Birdwatching from the top of the tower hide
Next on the itinerary was a long drive to the Zaragosa plains, south from Bujarloz in Aragón. This is arid steppe country, habitat of larks, bustards and sandgrouse. There were Calandra Larks (the largest of the European lark species) aplenty, and we found a covey of Black-bellied Sandgrouse and a small flock of Great Bustards on the wing as they flew off into the morning mist. This is also the home of the rare and restricted DuPont's Lark, an extremely elusive species that sings at night and spends the day concealed in vegetation. We regarded ourselves fortunate to locate a couple of singing males as darkness fell and the air temperature plummeted.

The plains in Spain really do seem plain...

...until you see the gorge carved into them by the River Ebro near Escatrón
The final part of our excursion, and the most eagerly anticipated, was three days in the Spanish Pyrenees where we stayed at the Boletas Birdwatching Centre in the village of Loporzano near Huesca, as guests of Josele Saiz and his wife Esther. The target species here were unashamedly Wallcreeper and Lammergeier, and Josele was generous with local knowledge as to where we might search.
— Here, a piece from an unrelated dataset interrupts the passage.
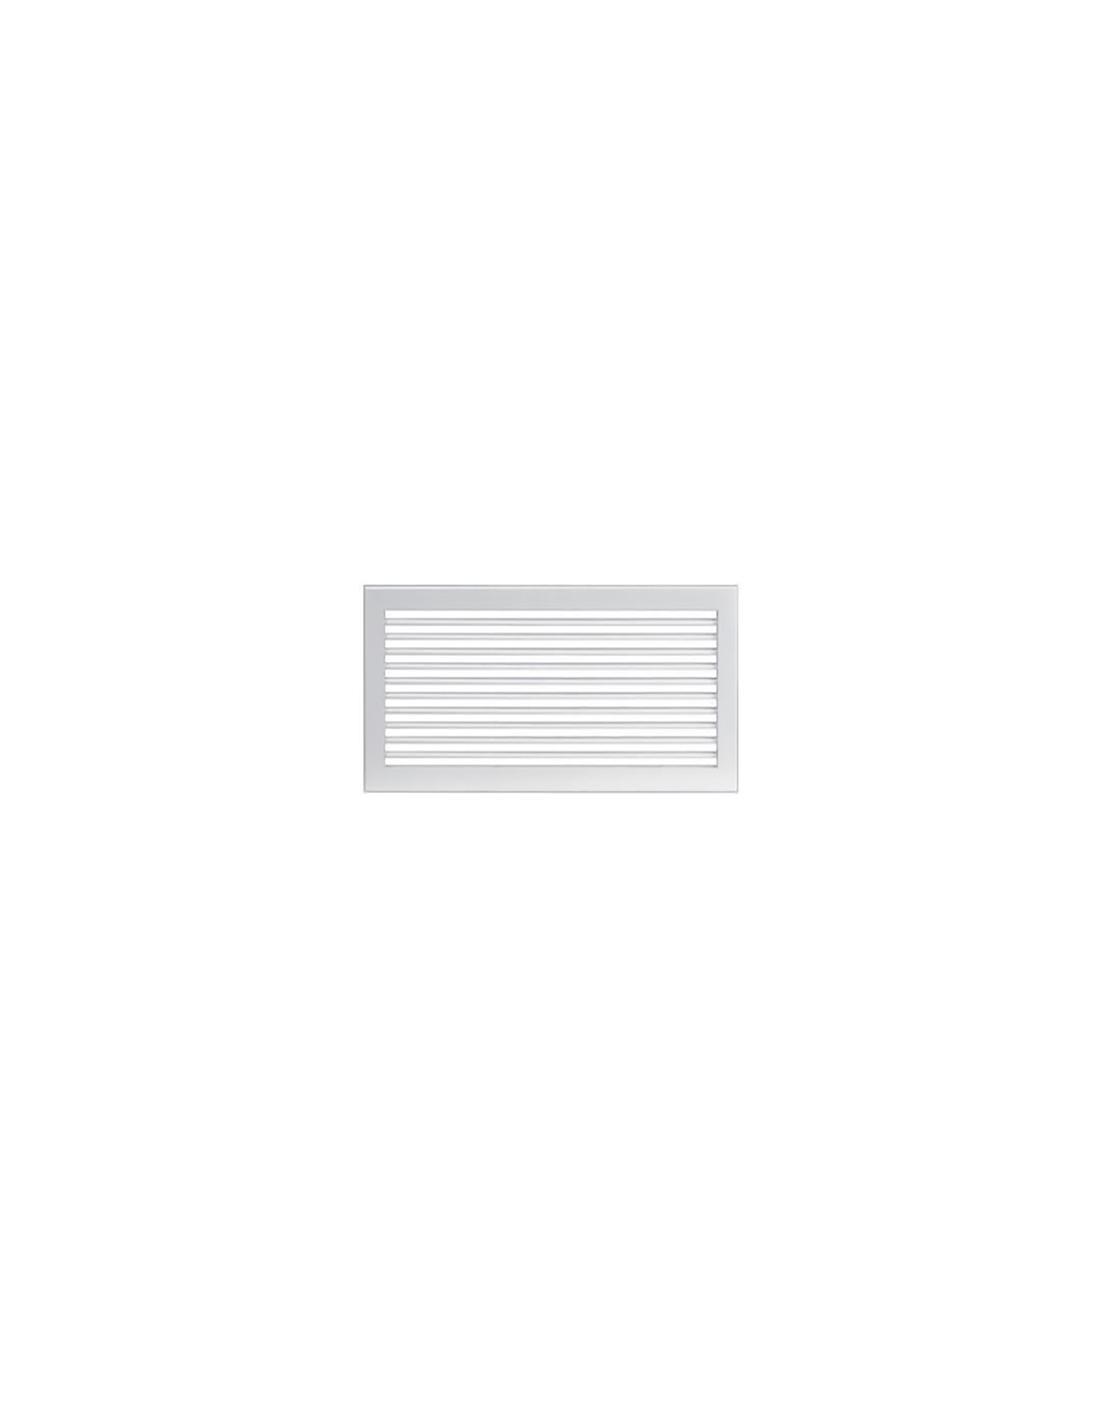 GRILLE SIMPLE de Ventilation - 1

The Wallcreeper has always been an iconic bird for birdwatchers, not only because of its attractiveness, but because locating it on its breeding grounds on vertical rock faces high in alpine areas has always represented a challenge. It is only comparatively recently the birders have recognised the possibility of finding them in winter when they descend to the more accessible foothills. Our first stop was at the towering columns at Riglos, a well-known spot for Wallcreepers.
The pinnacles of Riglos ( the Mallos de Riglos)
Although we found no Wallcreeper here, we were rewarded with good views of hundreds of Griffon Vultures circling in the sky preparing to roost on the cliffs, and also a Black Wheatear and Blue Rock Thrush. However, a stop by a reservoir damn a little further up the valley at Embalse de la Peña, Stuart spotted a bird sitting on a rock that gave us both a fleeting glimpse of the elusive Wallcreeper before it flew off. It was the next morning, on the face of a quarry suggested by Josele, that we obtained our really memorable views of a this bird.
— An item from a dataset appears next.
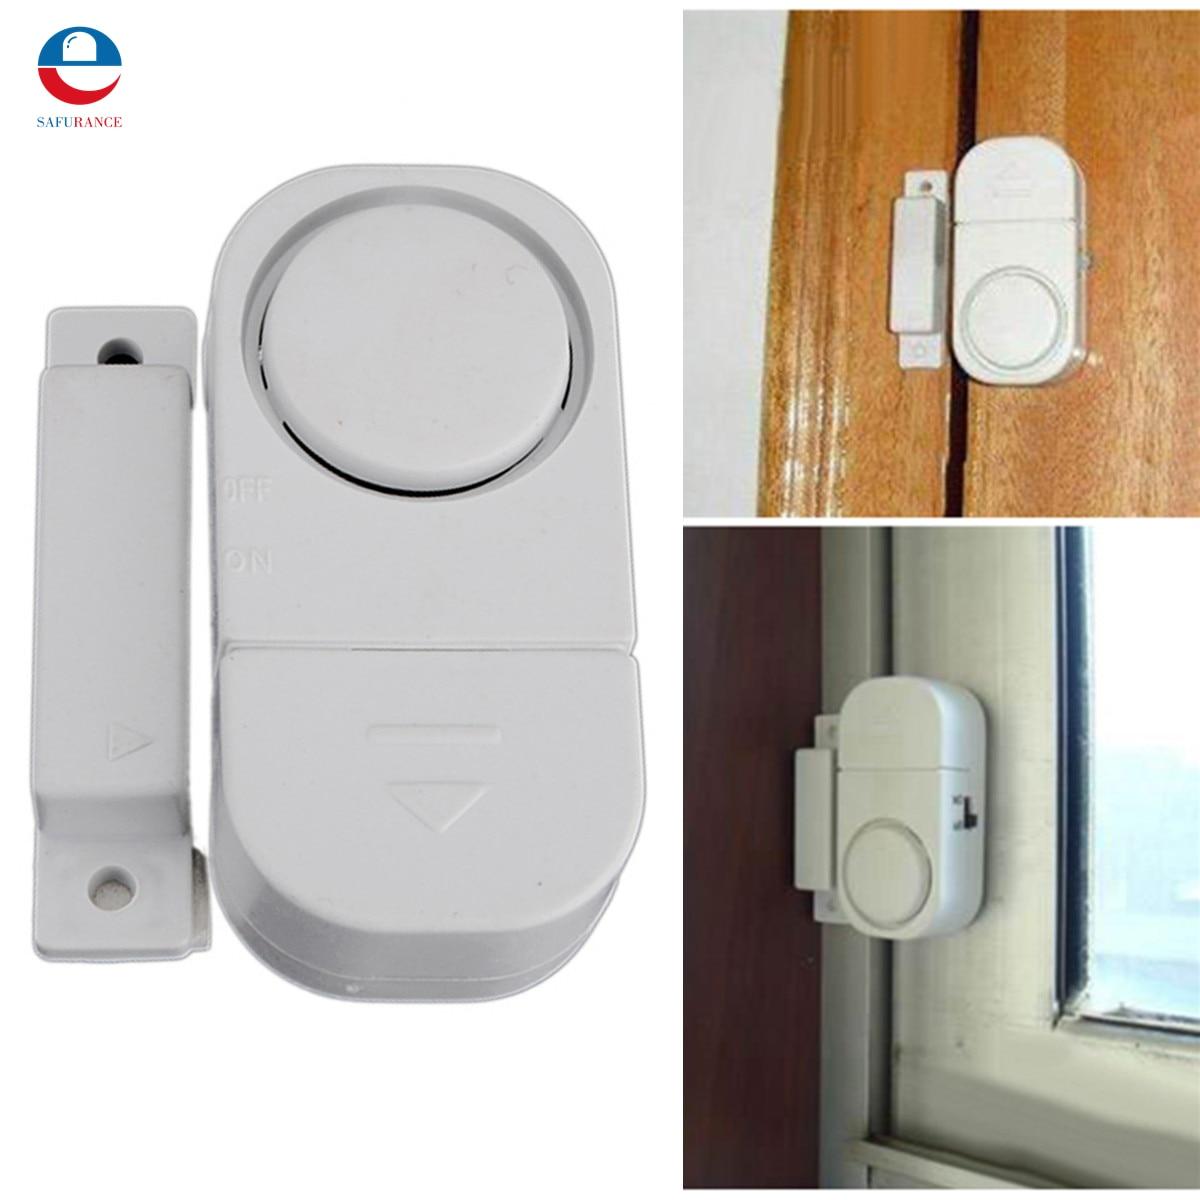 Wireless Security Door Entry System

Wallcreeper (image source)
Our final quest, the Lammergeier, demanded higher altitudes and on our last day we set off for the Spanish/French border above Sallent de Gállego, well above the snow line and among the ski resorts.
High in the Pyrenees

Maybe because of the number of skiers, birds of any kind were scarce, and we felt we had one remaining card to play: a foray into Spain's iconic Ordessa National Park. Rising into the park north from Torla, we eventually got to the car park (thanks to recent snow-plough activity) where we were confronted by the most stunning scenery.

The magnificent Ordessa National Park in the heart of the Pyrenees
High above the crags circled a flock of Alpine Choughs and a Golden Eagle. And it was in this area that we obtained our view of a Lammergeier circling over a ridge. Seen through a telescope it was unmistakeable with its slender, almost falcon-like wings and long dark wedge-shaped tail.

O'er Pyreneean mountain ridge and coll
With slender wings and diamond tail he soars;
Above the snow-capped peaks does never tire
With regal majesty the Lammergeier

Sunday, February 03, 2008

Maalie on a Mission

Maalie deserves a break. He is on a mission to the Spanish Pyrenees on a quest for the Bonebreaker. A report will follow upon return, about 12 February. Regards to all.